Yes, because the first exemple with [1,2,3,4] was too easy, and the answer doesn't fit with a more complex array like [1,2,3,4,5,6] and so one.

Kev
  • 118,037
  • 53
  • 300
  • 385
highlight
  • 31
  • 3
  • The question is extremely vague. – sawa Jun 30 '11 at 15:49
  • You seem to have changed the question. Originally you wanted an array of arrays, each of which had a pair of arrays.
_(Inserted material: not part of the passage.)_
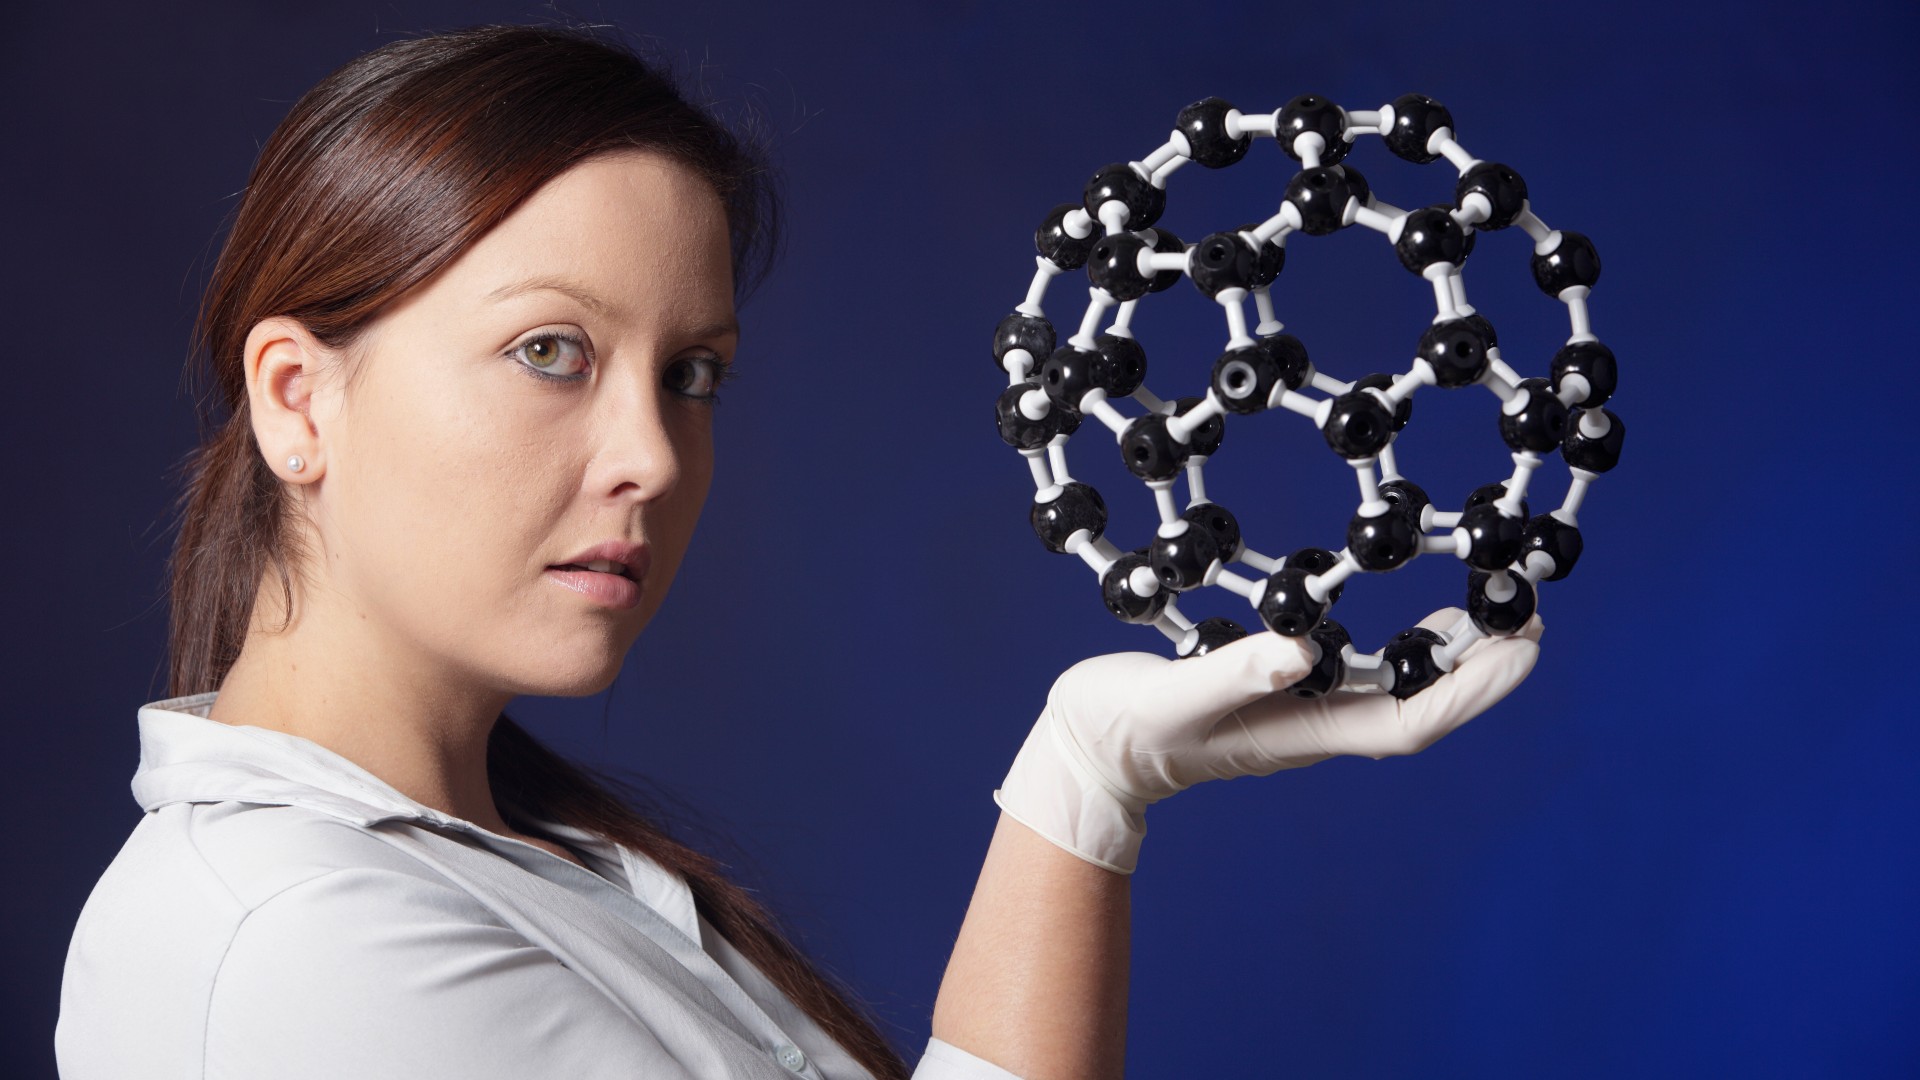 Scientist with a chemistry molecular model of a buckyball. davidf via Getty Images

Now you want triplets? – Andy Jun 30 '11 at 17:20

4 Answers4

1

this gets you most of the way there i think

[1,2,3,4].combination(2).inject([]){|arr,r| arr << (Hash[*r]); arr}

if you take the first and last element from this array iteratively you get what you were after

def con(h, arr = []) 
  arr <<[h.delete(h.first).to_a.flatten, h.delete(h.last).to_a.flatten]
  con(h, arr) unless h.empty?
  p arr
end

#=> [[[1, 2], [3, 4]], [[1, 3], [2, 4]], [[1, 4], [2, 3]]]
chrispanda
  • 3,204
  • 1
  • 21
  • 23
0

Well, it ain't pretty, but it works. combination takes a block.

a = [1,2,3,4]
ans = []

a.combination(2) do |i|
  a.combination(2) do |j|
    x = [i, j]
    y = x.flatten
    next if y.uniq != y
    ans << x
  end
end

puts ans.inspect

EDIT: made it slightly less ugly.

Andy
  • 1,480
  • 14
  • 17
0

Added this as another answer because it's really a slightly different question - and a lot harder!

 def accept(a)
   0.upto(a.size-1){|i| return false unless a[i] == a[i].sort
   return false if (i > 0 && a[i][0] <= a[i-1][0])}
   true
end

 x=[1,2,3,4,5,6].permutation.inject([]){|arr, per| arr<< per.in_groups_of(2); arr}
 arr = x.inject([]){|arr,y| arr << y if accept(y); arr}
 p arr

Not very pretty, but does what you want for any size of array I think

chrispanda
  • 3,204
  • 1
  • 21
  • 23
  • This give a lot of duplicate array like [1, 2]. What i wanted is this array uniq, like in the exemple i wrote. – highlight Jul 01 '11 at 09:54
  • actually, the print statement in the last line prints out what you want - edited to make it clearer - int the console this is swamped by the output that follows – chrispanda Jul 01 '11 at 10:03
0

Finally i find a solution without permutation, uniq, combination, flatten :)

    a = [1,2,3,4,5,6]
    count = a.count

    totalloop = count - 1
    arrayperloop = count / 2
    rounds = []

    for round in 0...totalloop
        for i in 0...arrayperloop

            x = (round + i) % (count - 1)
            y = (count - 1 - i + round) % (count - 1)

            if i == 0
              y = count - 1
            end

            rounds<<[x + 1, y + 1]
        end
    end

rounds.each_slice(arrayperloop).to_a give me what i wanted

    [[[1, 6], [2, 5], [3, 4]], [[2, 6], [3, 1], [4, 5]], [[3, 6], [4, 2], [5, 1]], [[4, 6], [5, 3], [1, 2]], [[5, 6], [1, 4], [2, 3]]]

Not so ugly ! And always work if we add n*2 integer to the array.